If you’re into the murder podcast genre: 12News has a new crime podcast, the latest edition of which covers the 2005 case of a then 20-year-old Tucson man who killed his grandparents and pleaded guilty except insane.
If you’re into the divorce story genre: KJZZ’s Phil Latzman and Matthew Casey detail the Arizona Coyotes’ messy split from Glendale and its search for a new home in the Valley in a two-part piece.
Yeehaw: The Mesa Police Department is experimenting with an Arizona inventor’s tool to basically cowboy rope cars during chases, the East Valley Tribune’s Scott Shumaker reports. So far, it seems to work.
Time to learn a new skill: Inmates at the Saguaro Correctional Center are utilizing a new program to become certified to translate books into braille for readers who are blind, 12News’ Chris Latella reports.
Rather than highlighting one bill today, we want to note several that are on, or likely heading to, Gov. Doug Ducey’s desk.
House Bill 2498, sponsored by Republican Rep. Jake Hoffman, would ban cities and counties (and any other subdivision of the state) from requiring COVID-19 vaccines. Ducey already tried to ban that, but Tucson and Pima County went ahead with policies anyway.
Republican Rep. Beverly Pingerelli’s HB2439 requires school boards to oversee which books are in schools’ libraries and allow for parents to see which books are in the library and which books their kids check out. Educators and opponents of the bill warn that it could lead to book-banning.
HB2161 from Republican Rep. Steve Kaiser adds to the Parents’ Bill of Rights. The bill says that subdivisions of the state “shall not interfere with or usurp the fundamental right of parents to direct the upbringing, education, health care or mental health of their children.” If violated, parents can bring a lawsuit. The bill’s language is vague and could cause all sorts of lawsuits, opponents contend.

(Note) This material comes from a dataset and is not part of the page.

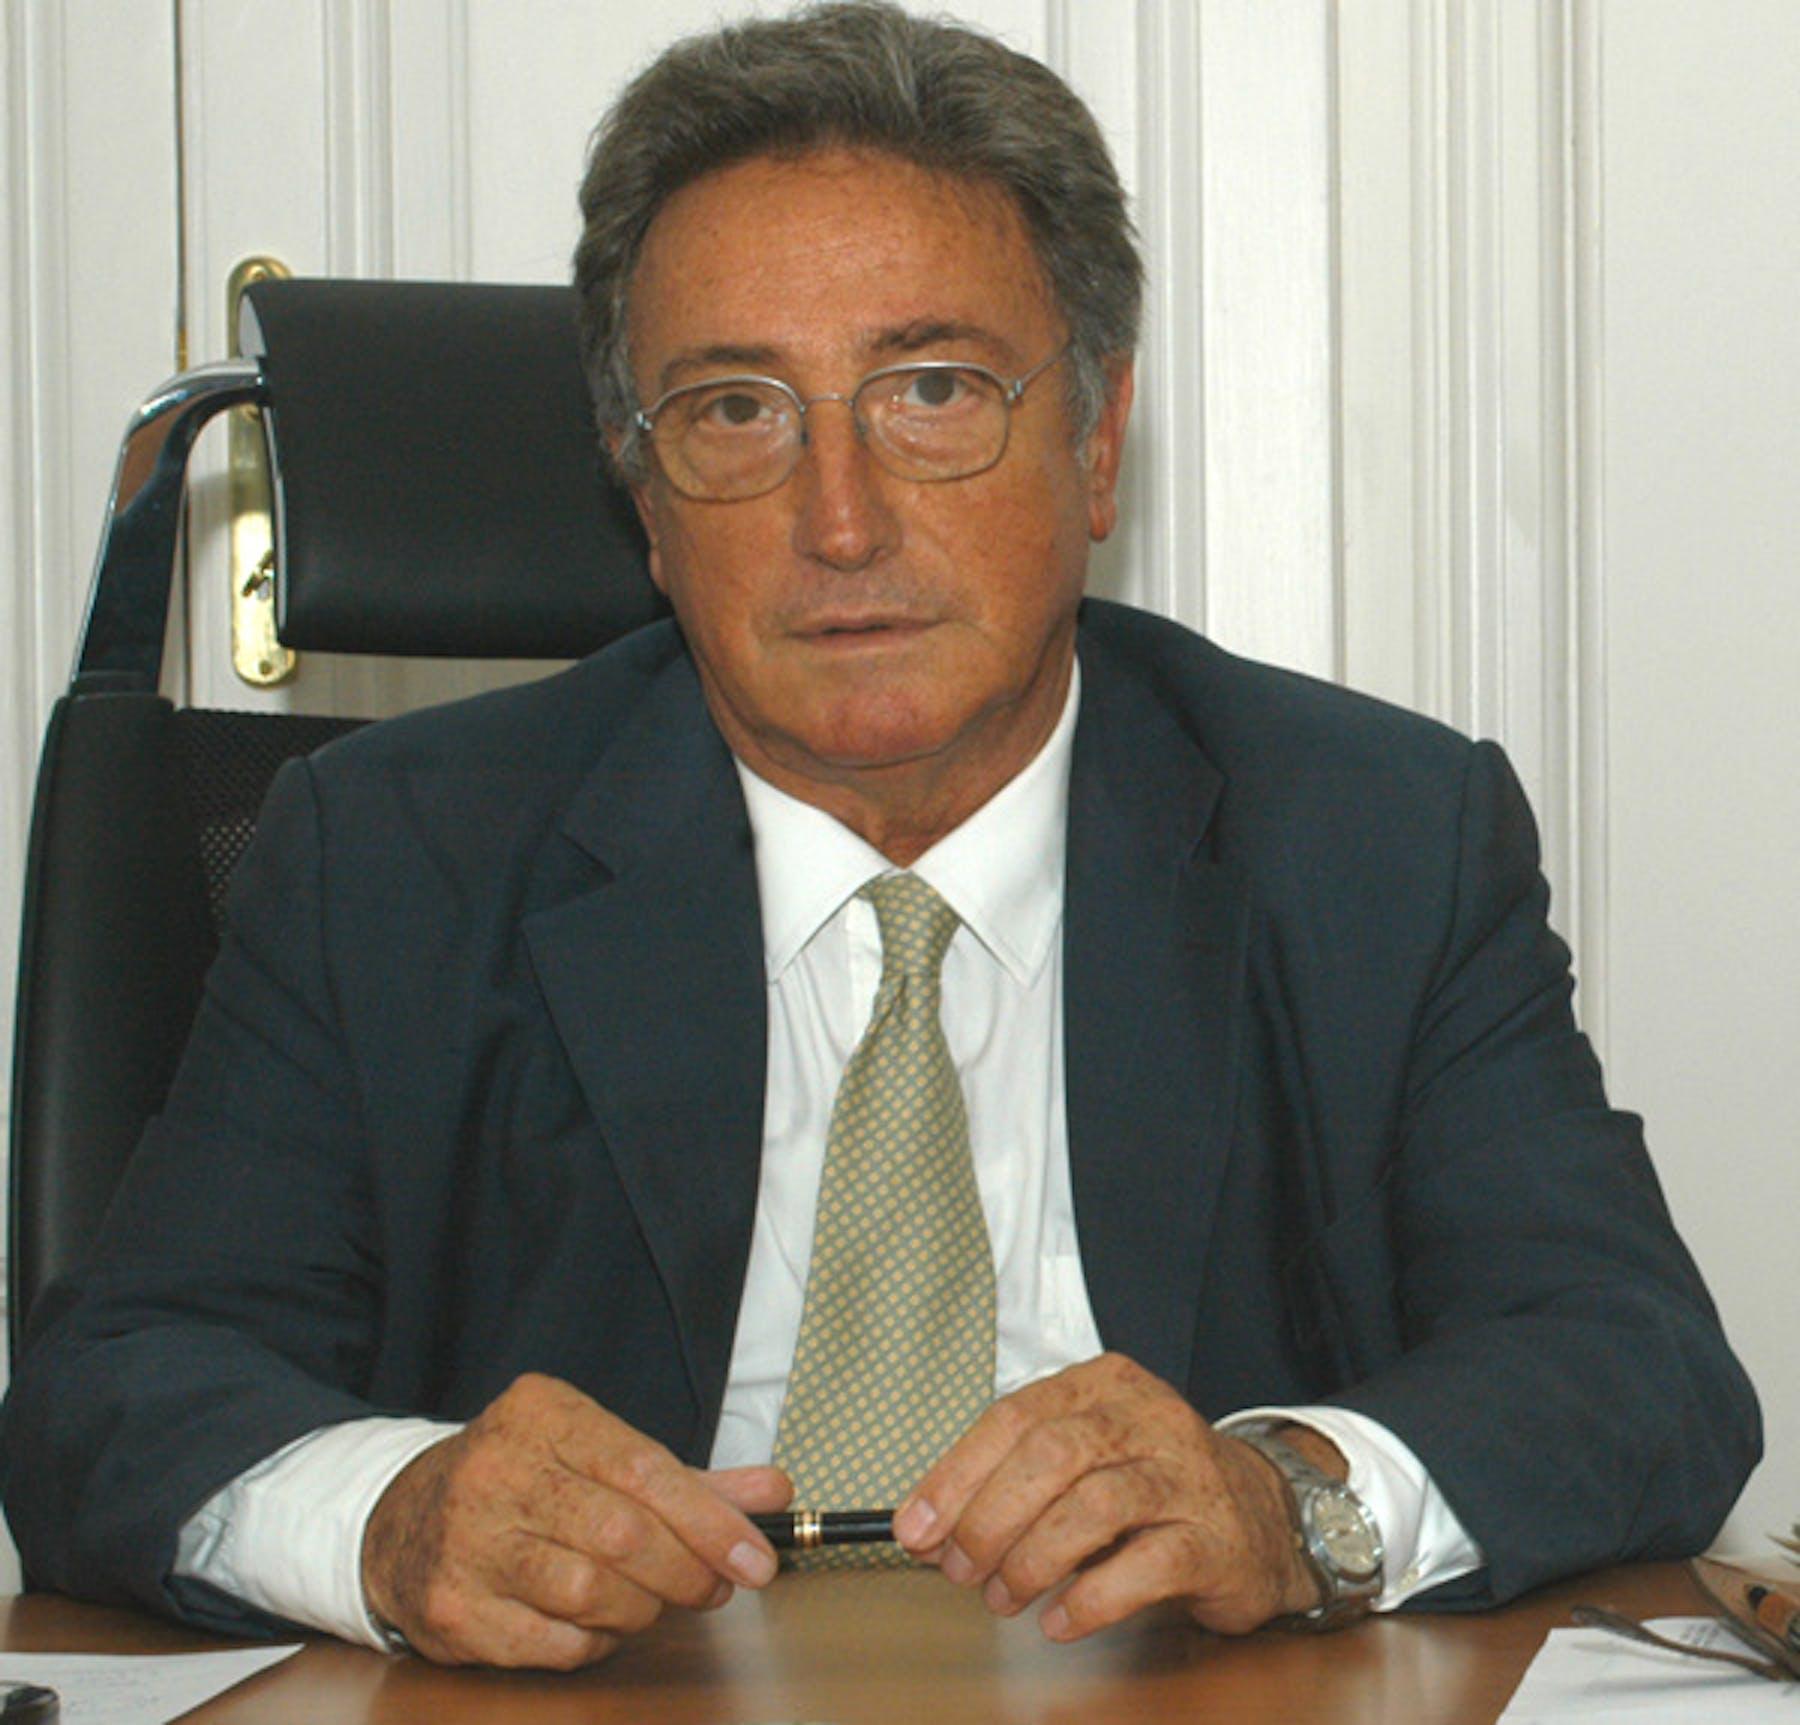 Antonio Sclavi - ©UNICEF Italia/A.Ruggeri

Democratic U.S. Sen. Kyrsten Sinema finished the Boston Marathon this weekend, and she posted on Instagram to celebrate the occasion. But while she was running the marathon (in impressive time) it appears she was also running from her critics.
If you look at the results for the marathon, there’s no finisher named Sinema. However, if you look up Sinema’s bib number, 19994, you can find Sinema’s marathon-running alter ego, a 45-year-old from Phoenix named “Betty Smith.”
Why run under another name for a premier race? Perhaps because the last time she intended to run the marathon (she ended up not running because of a broken foot), a bunch of progressive activists showed up to protest her.
After a long courtship, Trump recently endorsed the other Thiel-backed U.S. Senate candidate, J.D. Vance in Ohio, which brought in millions in Thiel bucks to boost Vance.